700 × 450 cm, hillside 300 m
Livigno, Italy
Photo : Enza Tamborra

 

In 2004, he produced a programmatic work, VIA, in a valley near Livigno in Italy. Reijro Wada carefully modified an Italian waterfall, and combined two water streams into one. He retraced the original bed of the torrent which had disappeared, and set in place a mirror following the line of a natural fault, expressing the ambiguous and paradoxical relationship of man in the face of nature, between fascination, admiration and destruction. The landscape is subtly altered as a result, yet not transformed as it was by Robert Smithson’s Spiral Jetty, a huge jetty of stones sunk into the Great Salt Lake in Utah, USA. Reijiro Wada prefers to preserve the contours of the landscape and renew its links with its geological past.

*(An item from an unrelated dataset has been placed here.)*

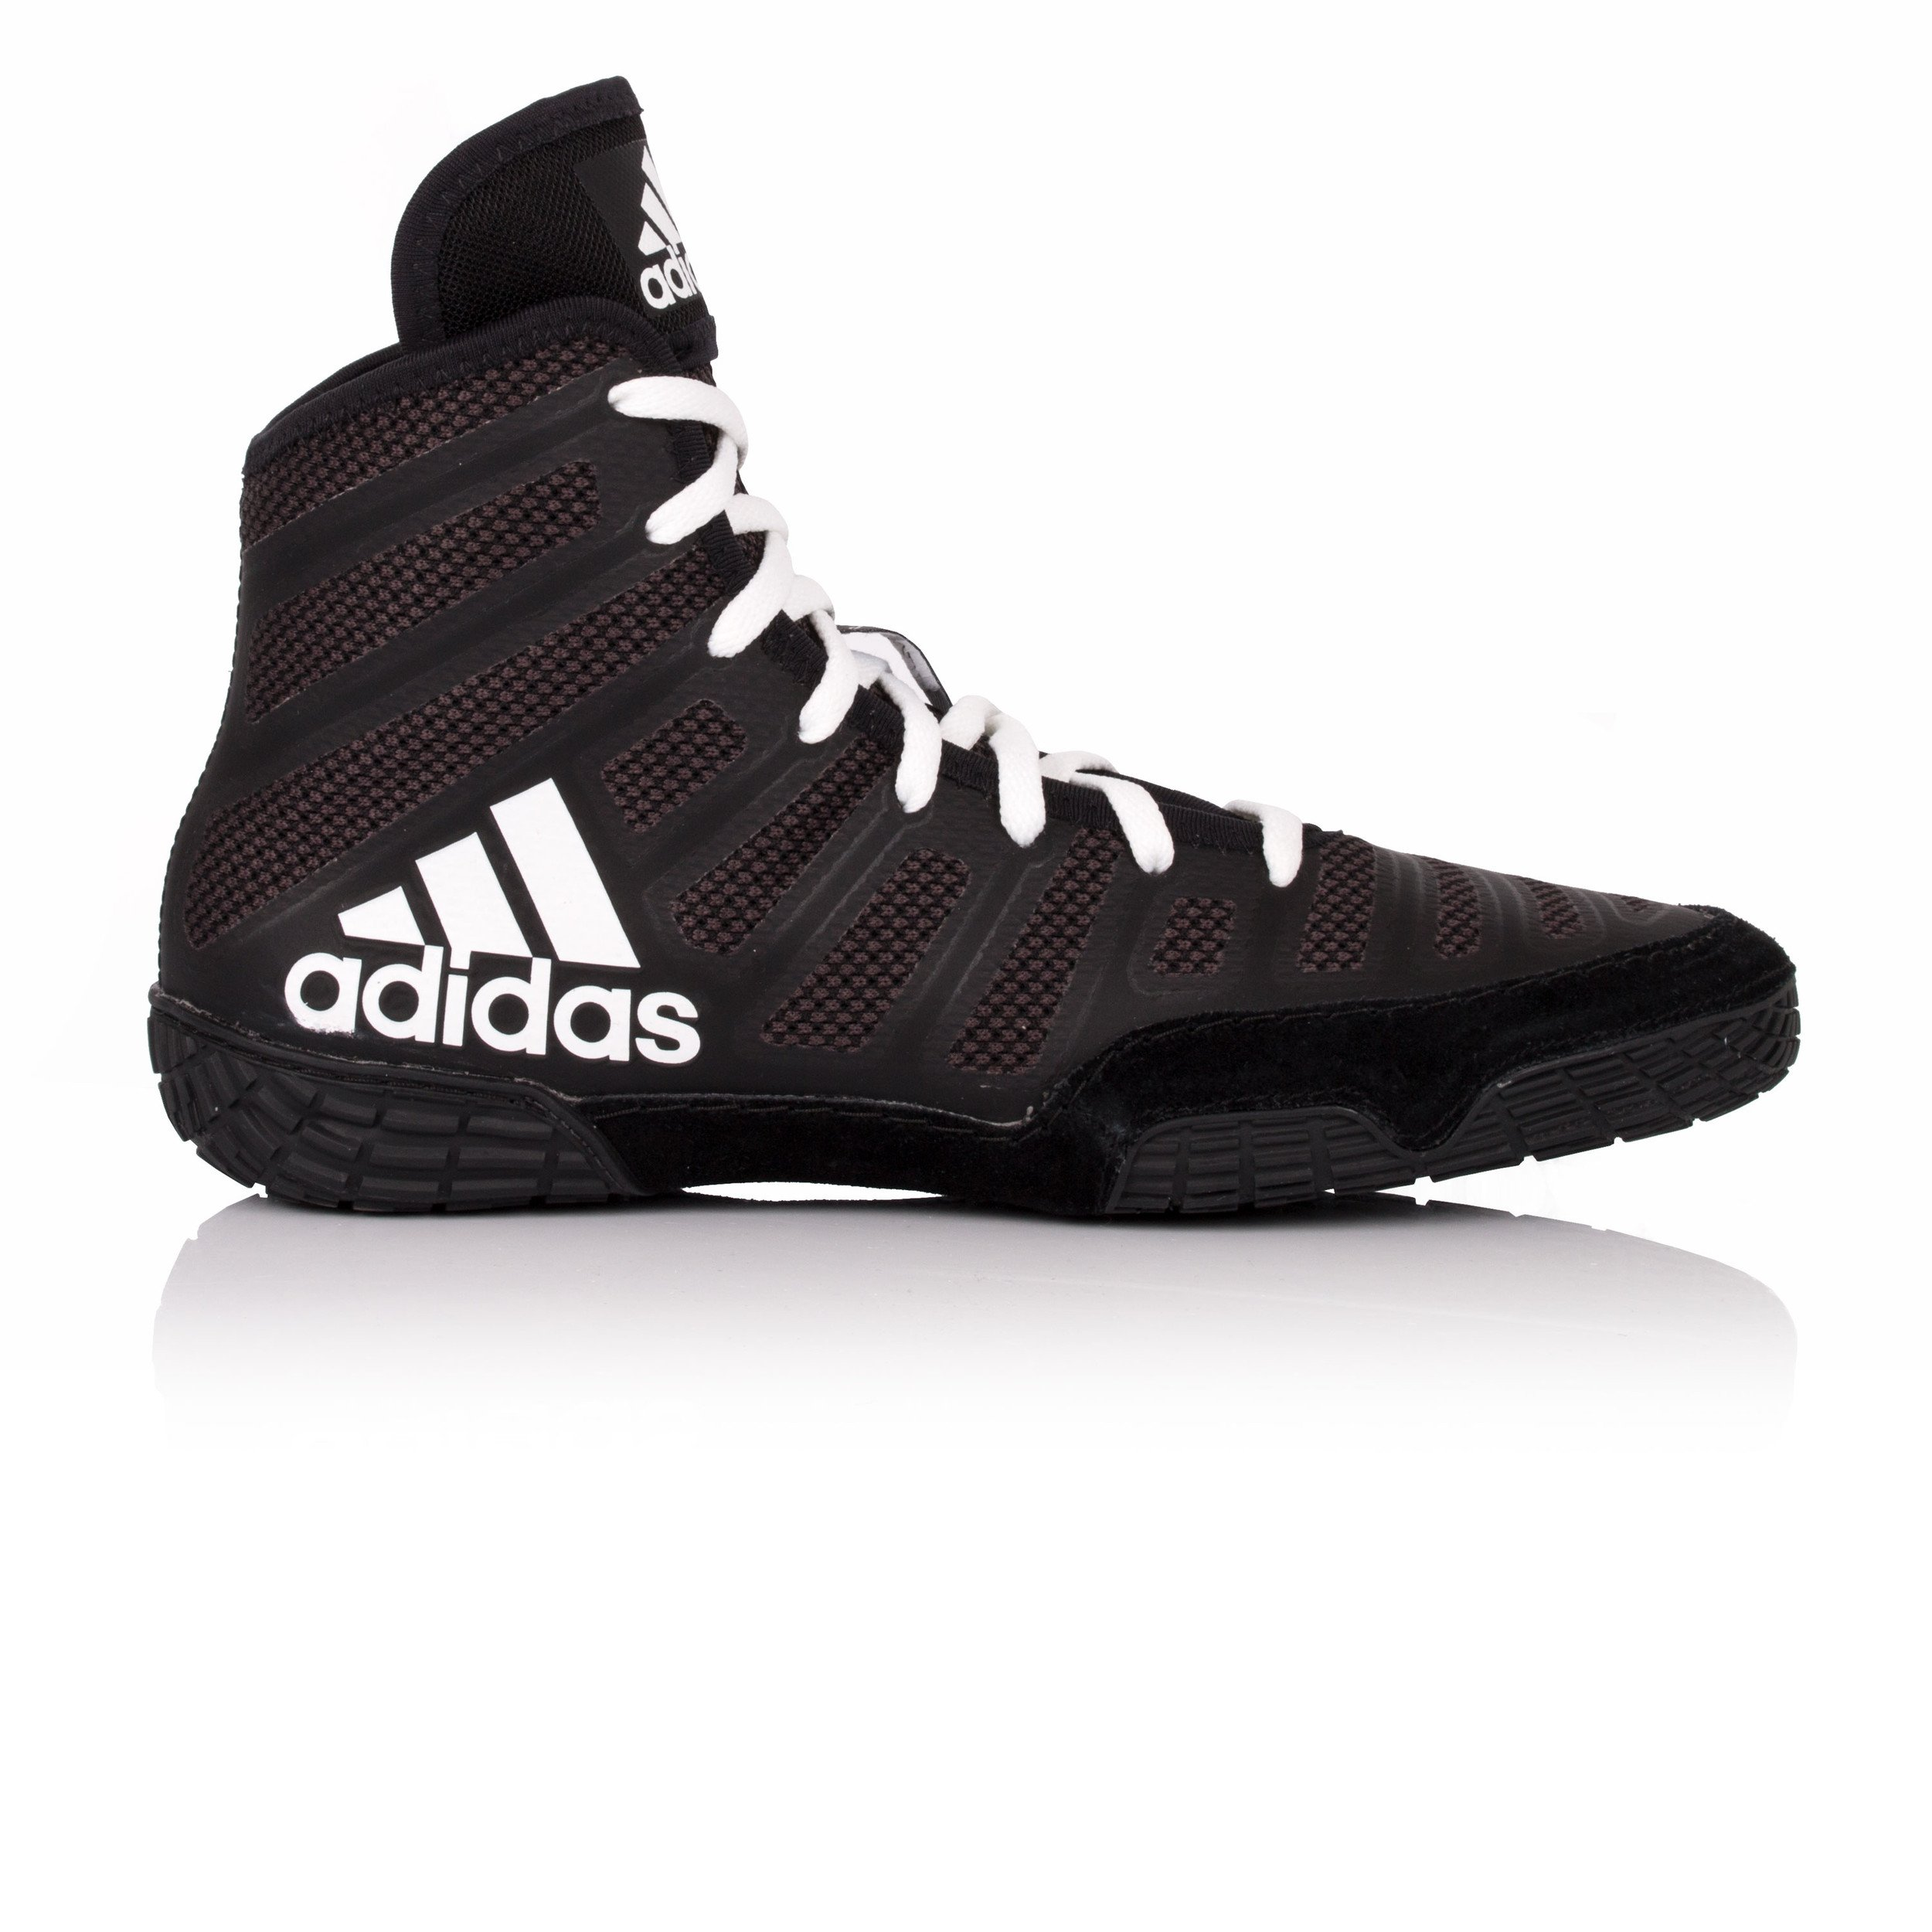 Adidas Varner Wrestling Boots - SS18-10.5 - Black

He explains that he sees a new landscape take shape before a concept, choice of materials or title emerge. His initial vision crystallises in his mind while the discourse of the work and the elements in its creation come together as he goes along. In his constructions, he develops abstract compositions, forms which do not exist in nature. His intervention as an artist is often limited to this impromptu insertion into our environment, bringing a Cartesian sequence where none normally exists. Thus abstraction becomes the only trace of the human being in space.